Applying word2vec to sampled sequences from a graph.
The sampling procedure is implemented in c++ with pthread, providing python wrapper, so it would be fast.
$ cd $YOUR_PATH/src
$ mkdir data
First you must install the V6 dataset from https://cn.aminer.org/citation and unzip it into $YOUR_PATH/src/data. The description of the dataset is also shown on the website, which is neccesary to look at.
To compile the code, boost python library is needed. Once you install the library, just make it. Then you will get randpaths.so:
$ make
To train node vector, python library gensim is needed.
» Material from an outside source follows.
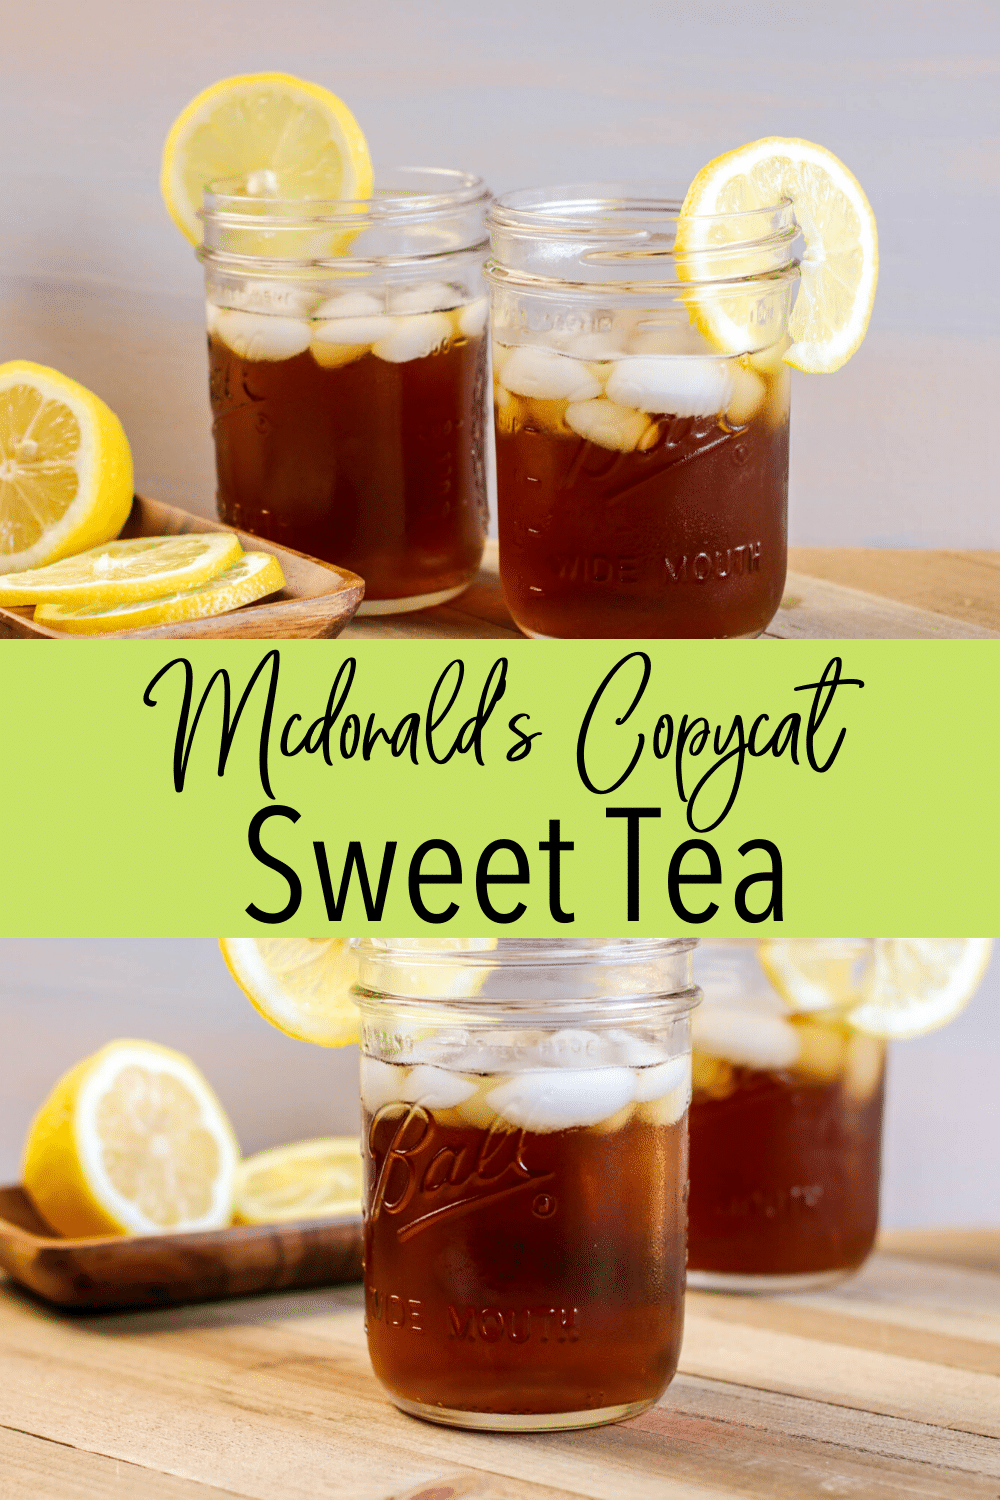 McDonald's Copycat Sweet Tea

And then opne python:
import randpaths
import process
from gensim.models import Word2Vec
To load the dataset from:
dataset = process.loadTxt('data/$DATA_NAME')
To split the dataset according to the tag(e.g. conference, year) :
sections = process.splitDataSet(dataset, tag)
To generate a co-author dataset of two conferences (each author's name was added a prefix: conference_name+'&', to separate the same author from different conferences):
codataset = process.genTwoConfAuthorDataset(dataset, conf1, conf2)
To generate the co-author graph, along with author2index and index2author dict, and save(given the graph name, all graph information will be automatically saved in $YOUR_PATH/src/data):
[node_num, edge_num, author2index, index2author, graph] = process.genCoauthorGraph(codataset)
process.saveCoauthorGraph([node_num, edge_num, author2index, index2author, graph], graph_name)
To produce random paths with c++ implemented parallel bias random path sampling procedure:
paths = randpaths.damn_get_randpaths(saved_graph_name, T, drop_rate, epsilon, thread_num)
paths = [path.split() for path in paths]
To train node vector from co-author dataset (for more details: http://radimrehurek.com/gensim/models/word2vec.html):
node2vec = Word2Vec(paths, size=dimesion, windows=wsize)
To get recall score of identity resolution(total_cnt is the total number of author that appears in two confereces):
recall = process.getIdentityResolutionRecall(node2vec, index2author, total_cnt, topk)